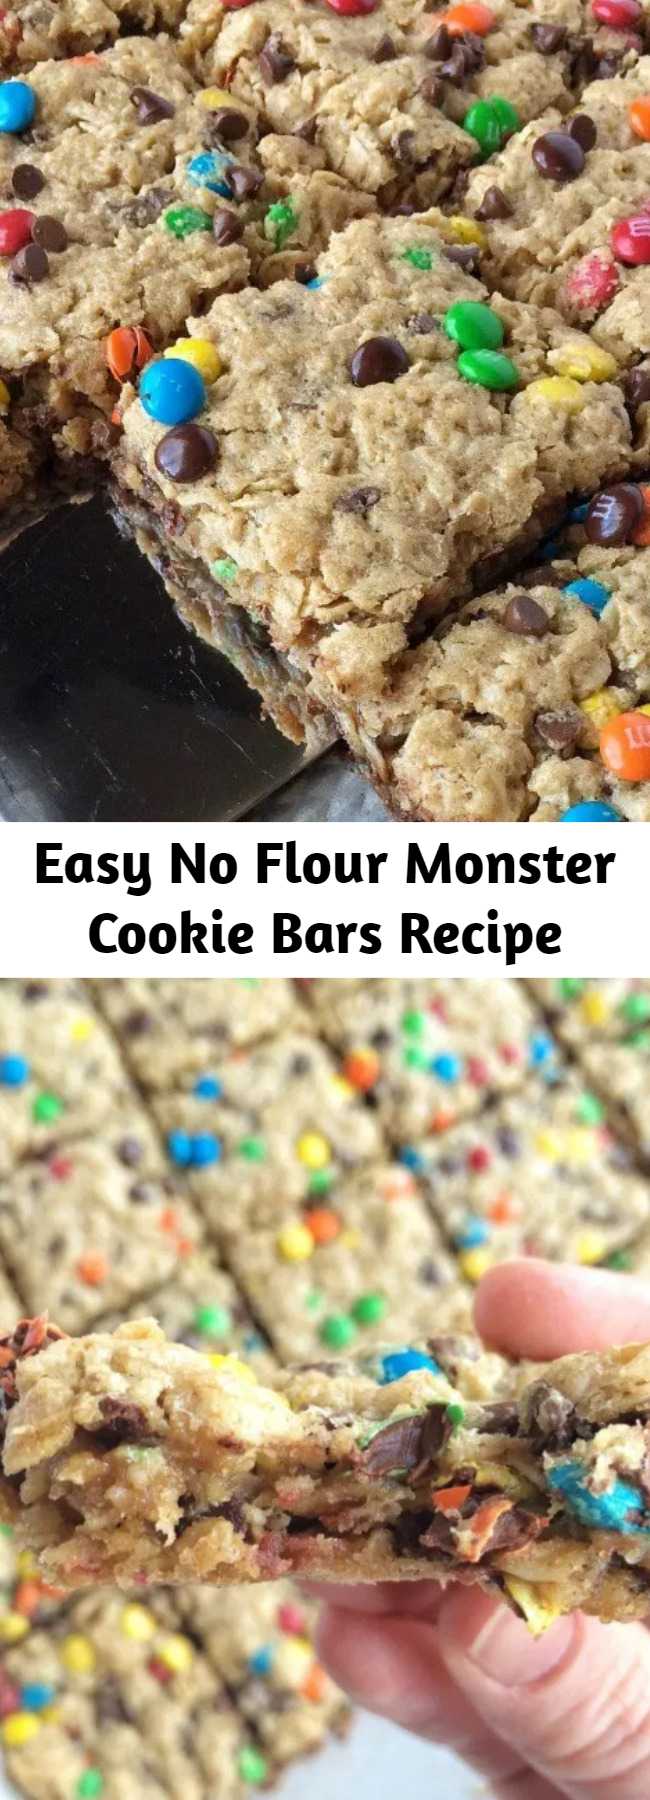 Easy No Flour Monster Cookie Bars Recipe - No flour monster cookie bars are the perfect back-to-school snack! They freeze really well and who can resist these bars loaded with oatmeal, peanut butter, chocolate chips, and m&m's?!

▬▬▬

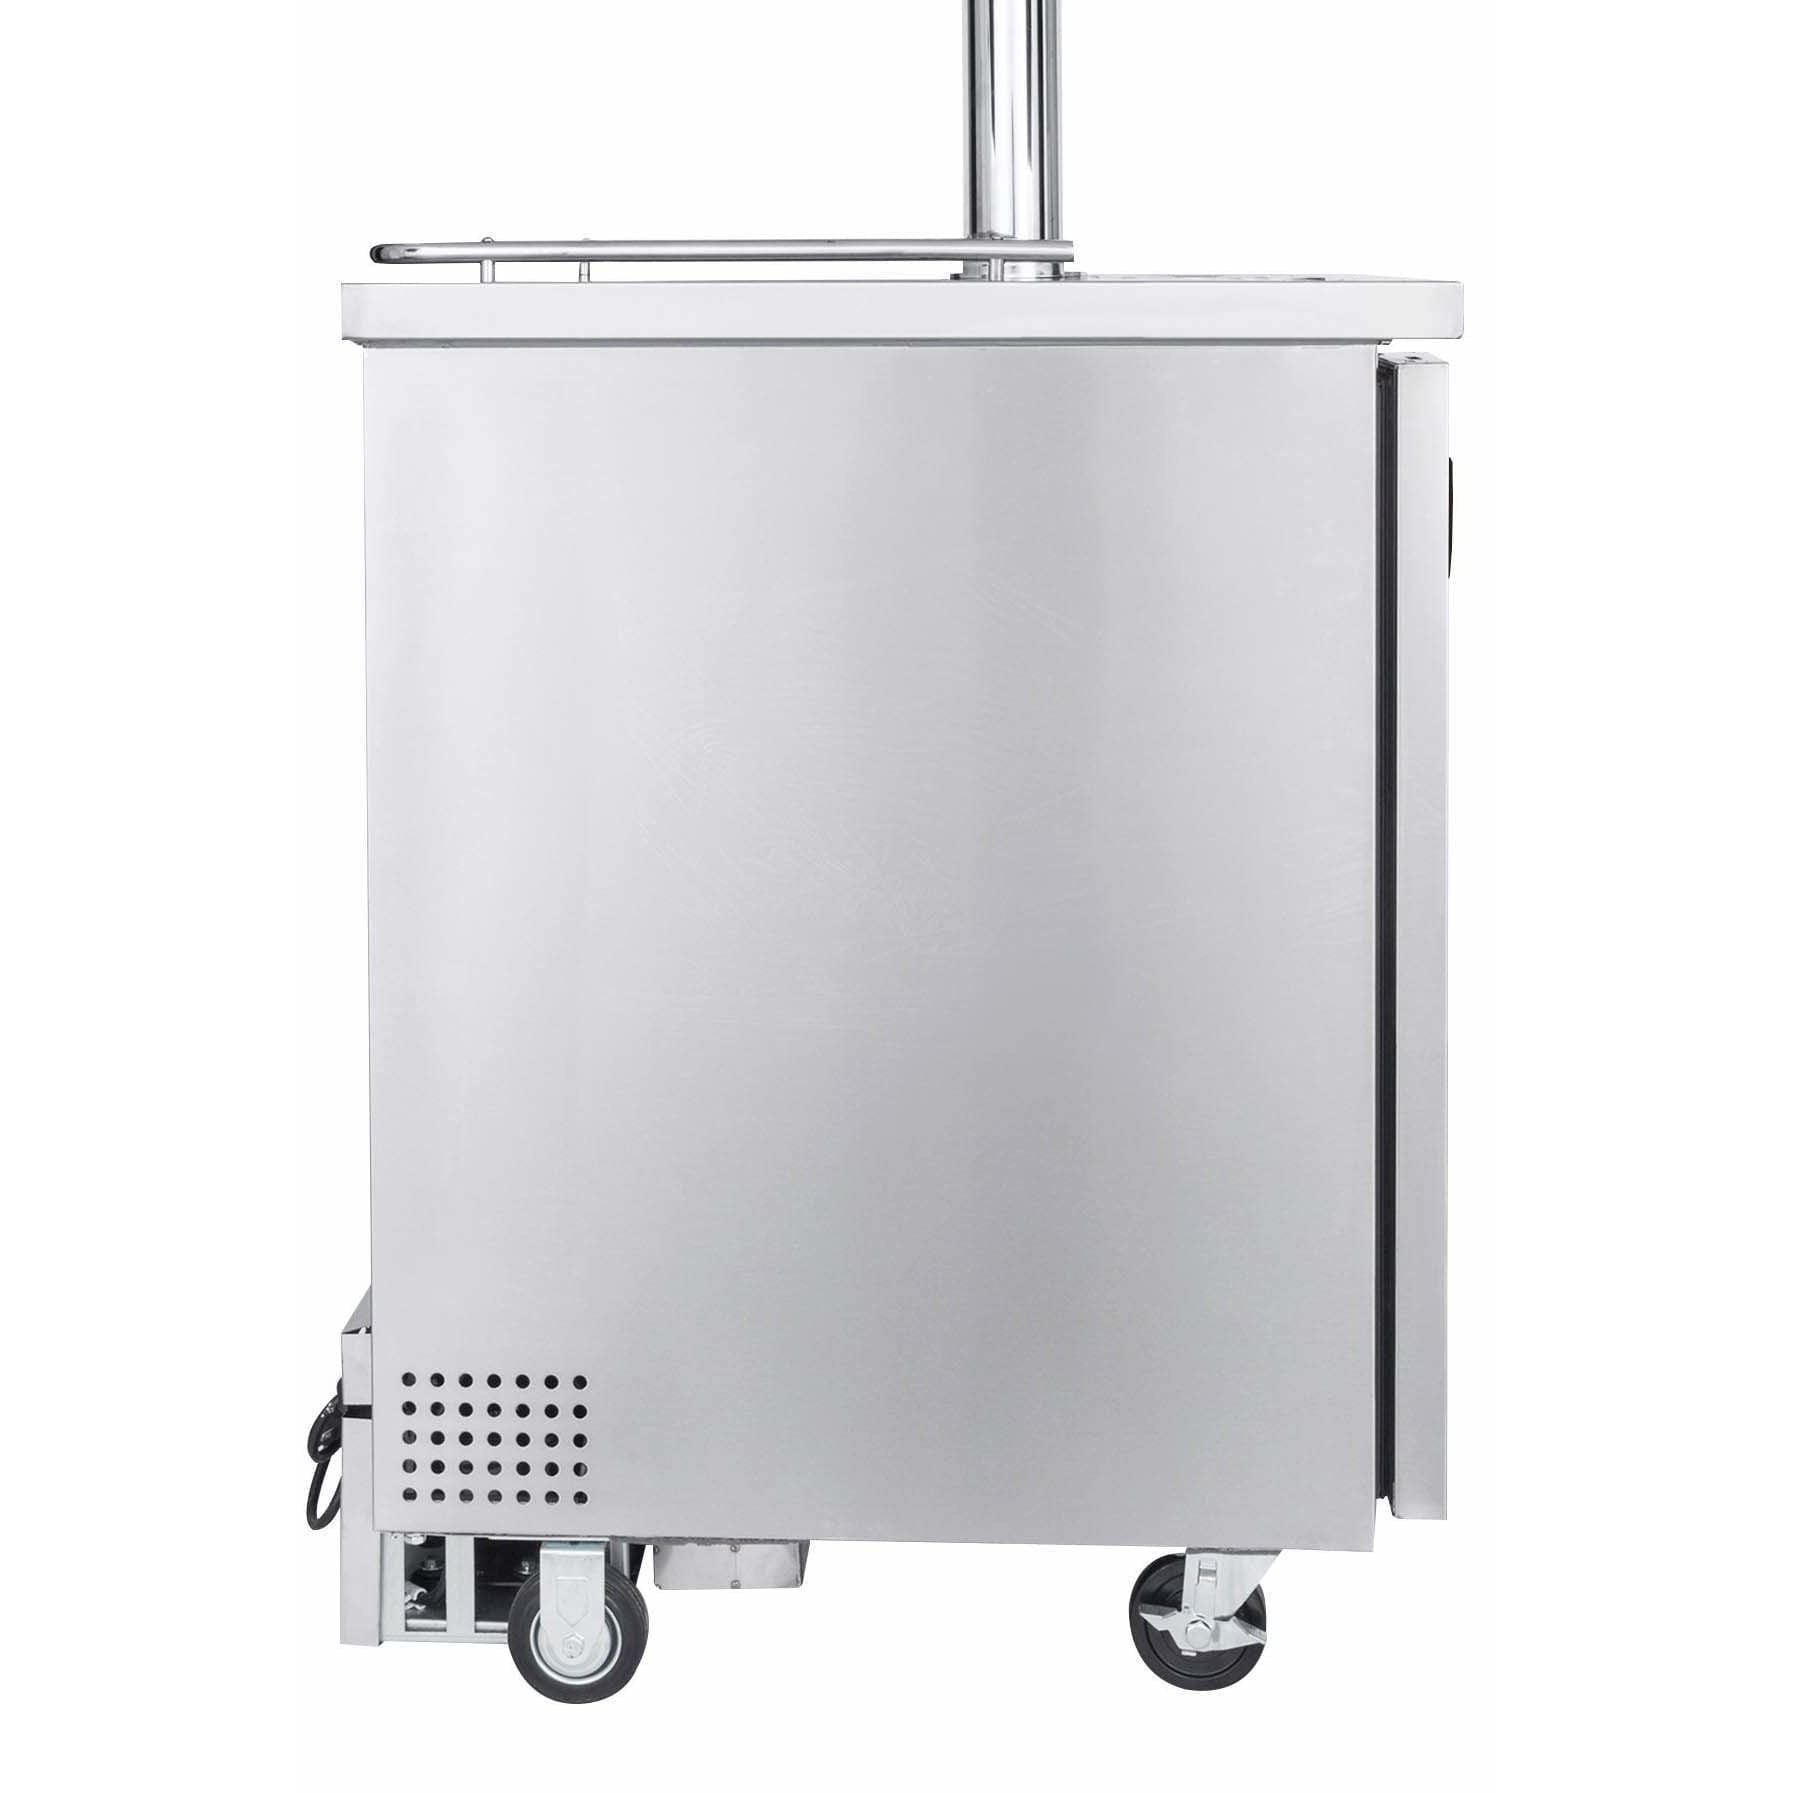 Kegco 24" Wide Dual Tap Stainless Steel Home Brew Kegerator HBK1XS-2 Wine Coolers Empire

▬▬▬

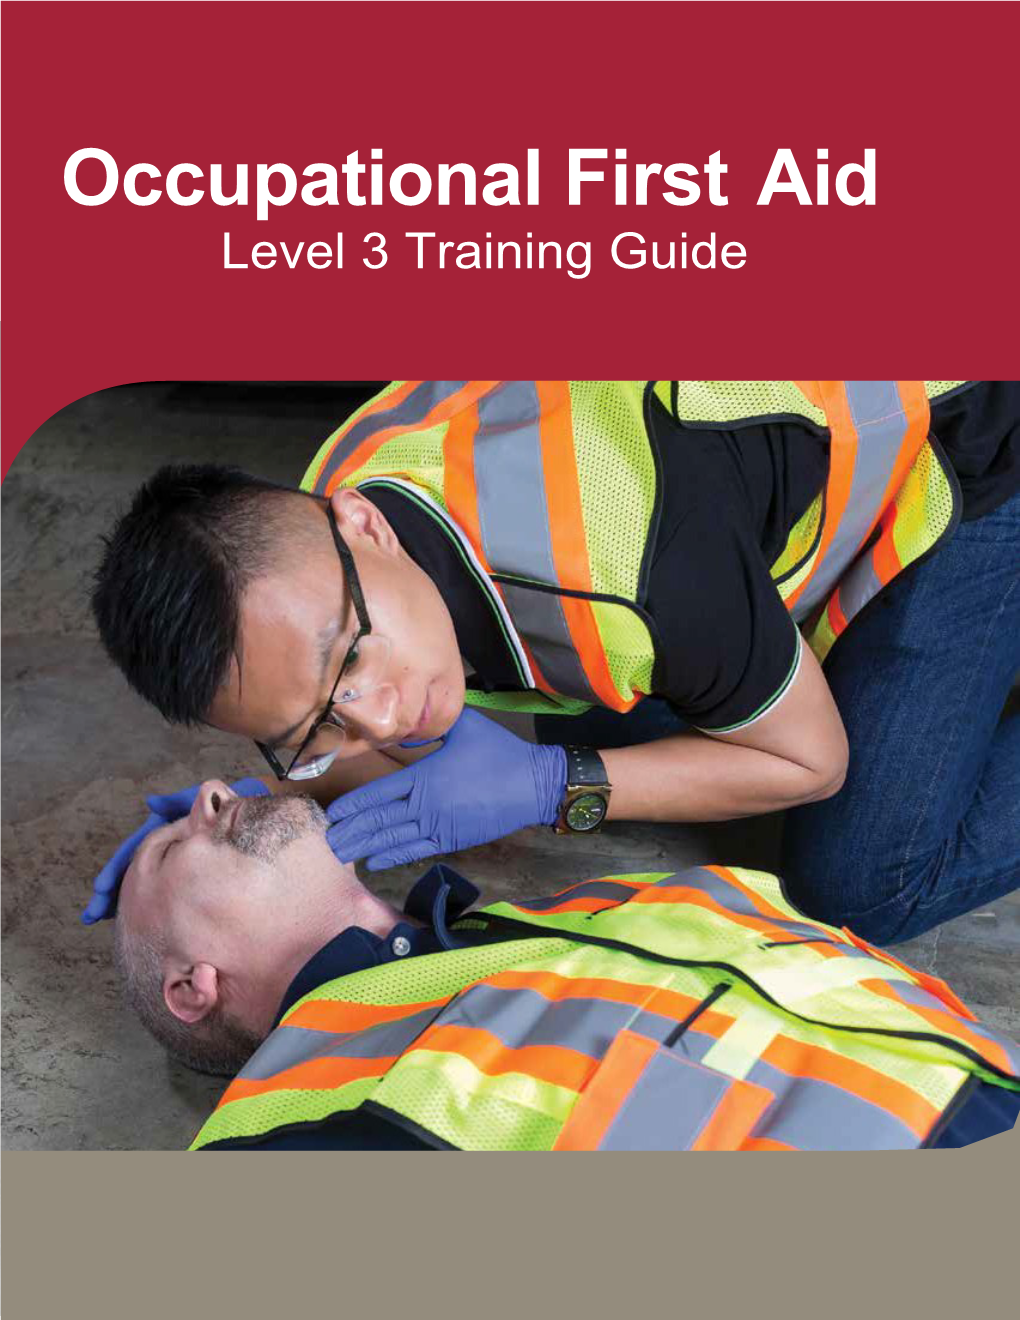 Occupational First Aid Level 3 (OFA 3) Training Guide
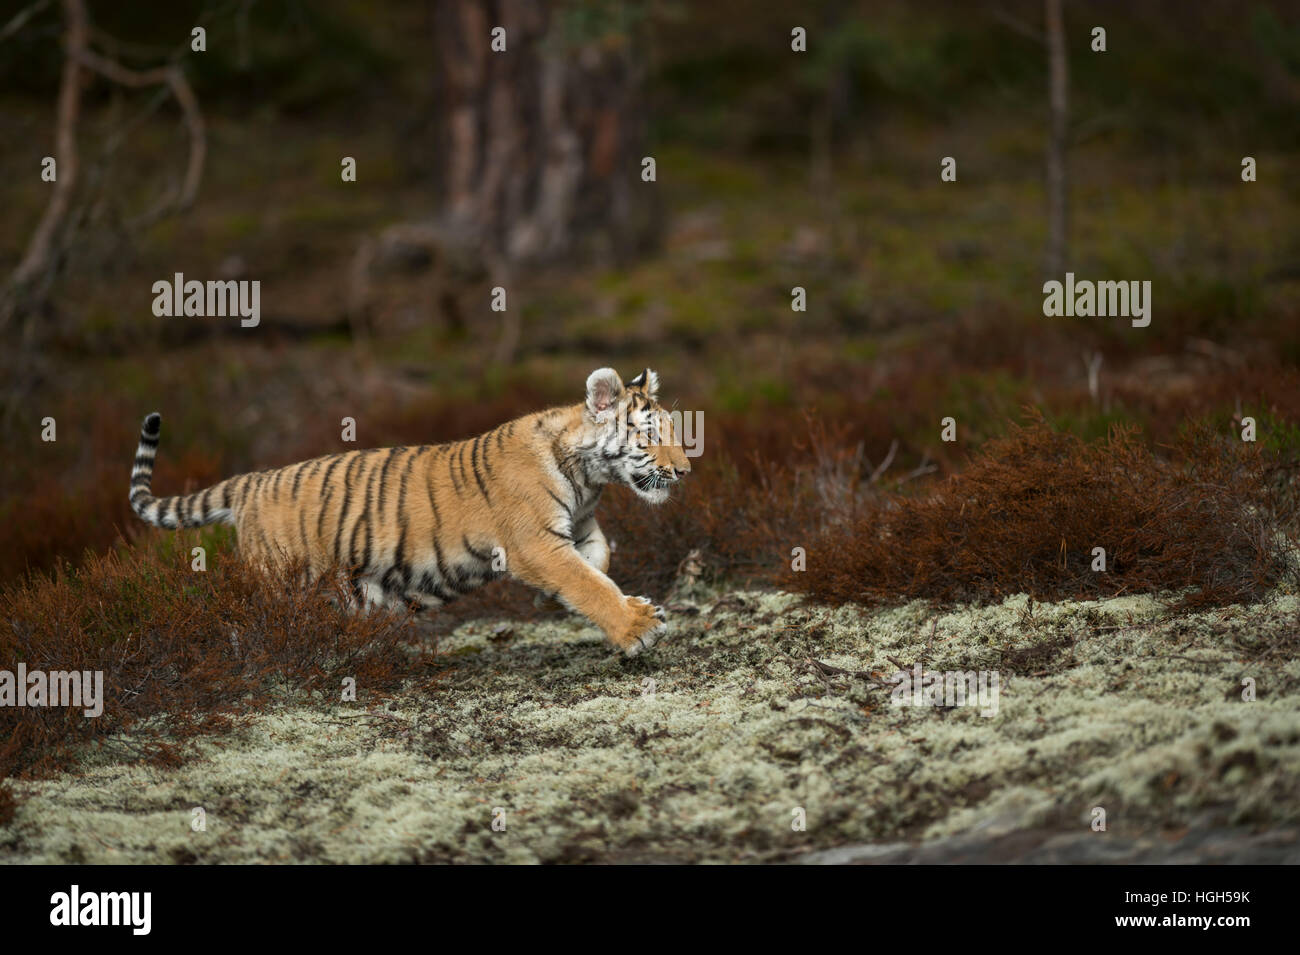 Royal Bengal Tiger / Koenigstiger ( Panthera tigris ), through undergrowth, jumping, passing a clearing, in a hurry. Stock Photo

▬▬▬

Within the listing above, find the line containing "Occupational First Aid" and the line containing "Royal Bengal Tiger". Transcribe them and everything between them exactly, leaving out the pictures.

 Occupational First Aid Level 3 (OFA 3) Training Guide
 Royal Bengal Tiger / Koenigstiger ( Panthera tigris ), through undergrowth, jumping, passing a clearing, in a hurry. Stock Photo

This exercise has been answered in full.